Ned Hilton seemed even more horrified by Joe’s fraudulent identity than he’d been about the man’s death. “Don’t you dare,” he said, “tell the police about this. Or anyone at the college.” He stared into my eyes with a intense single-minded determination to subjugate any independent action on my part. “I’ve got to call a meeting of the senior faculty right away—before this appalling news becomes public.” He’d been losing weight all semester, and his pasty skin now pulled tight over his eye sockets, bony nose and jaw. His thin hand trembled. “The Enfield English Department,” he said, “will be the laughing stock of the profession. Allowing ourselves to be duped into hiring a false minority.” The shaky hand was already straying toward the phone. “Let me see, yes, tenured professors for a crisis-management meeting.…”

A pow-wow
, I thought.
Big chief medicine men
.

“It’s imperative that we gear up immediately for damage control.” Ned gave me a warrior’s fierce glare, and I felt like laughing in his face. If I’d wanted to, I could have knocked the puny dude flat on his back with his hot-pink stress ball. “After all,” he continued, “our first loyalty is to the department.”

Lotsa luck, Department
, I thought.

“And, I repeat, Karen, not a word to anyone until I tell you. Especially not to the police.”

***

 

As soon as my office door clicked shut behind me, I called the police.
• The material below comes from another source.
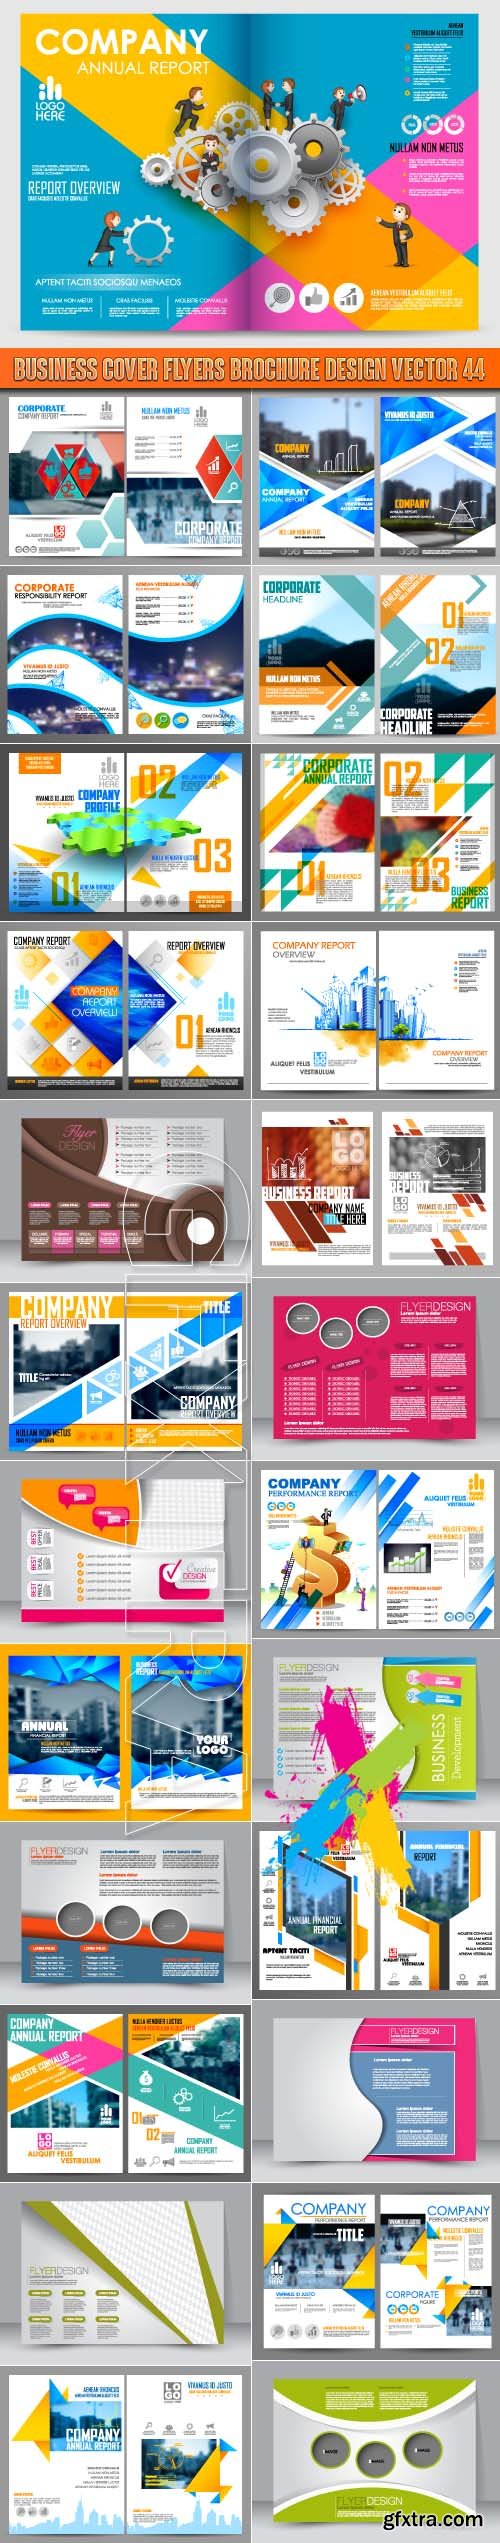 Business cover flyers brochure design vector 44

Of course the police officer I called was Felicity Schultz, who was not currently on active duty. “This information changes everything, you know,” she said. “It’s a whole new ball game—widens the investigation way beyond Enfield, Massachusetts. Now we gotta take Brooklyn into account and the entire friggin’ state of Montana. Well, we don’t gotta—Boylan does. That onionhead probably hasn’t even thought to look at anyone outside Enfield.”

“I’ll call Boylan, then,” I said pensively, “and tell him I need to see him. Not that I want to have anything more to do with that S.O.B., but, you’re right, this does change everything. No wonder the investigators couldn’t find anyone from Joe Lone Wolf’s past—he didn’t have a past. Only Frankie Vitagliano had a past. You know,” I continued, “the knowledge of Joe’s true identity could really take the focus off of Enfield College.”
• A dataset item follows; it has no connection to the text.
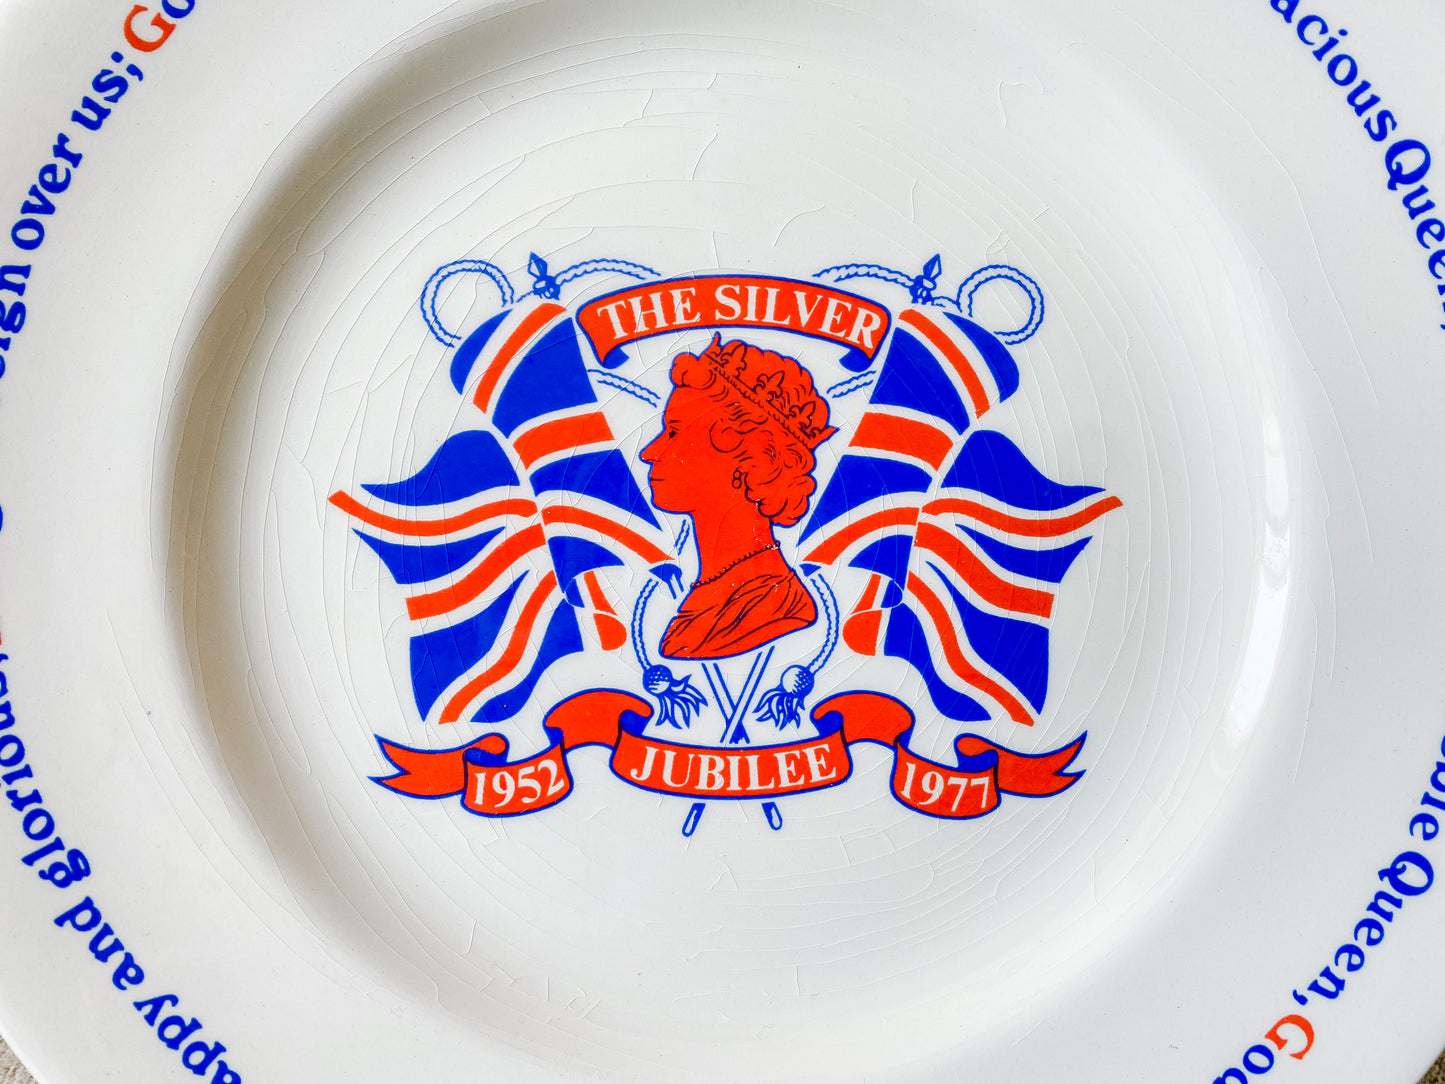 Vintage Queen Elizabeth II Silver Jubilee Commemorative Plate | Red White Blue Ironstone by Adams

“And off of you,” Charlie’s loyal partner said.

“And off of Ayesha Ahmed.” Which lightened my heart; I hadn’t realized how worried I was about my Muslim student. Well, I worried about all my students—I was an equal-opportunity worrier—they were so much more vulnerable than they knew, so lacking in experience of the inequities that the world could hurl at them. Well, most of them, anyhow, I thought; life had not been kind to Hank Brody, the coal-miner’s kid from Pensylvania—at least so far. Enfield College was his chance to turn it around.

“Be careful, though,” Felicity said. “Boylan’s likely to think you’ve concocted the entire story in an attempt to derail his investigation.” Young Buster began to cry in the background, and Felicity sighed. But it wasn’t the bawling I might have expected from such a bruiser; something more like an informational cry:
Poop! Poop! Hey, lady, poop here!
Nonetheless I could hear Felicity give another deep, resigned sigh. “Adele, no, you don’t have to do that—I’ll change him.” Then she addressed me again. “Listen, see if this Horowitz guy can tell you a little more precisely where Vitagliano came from.”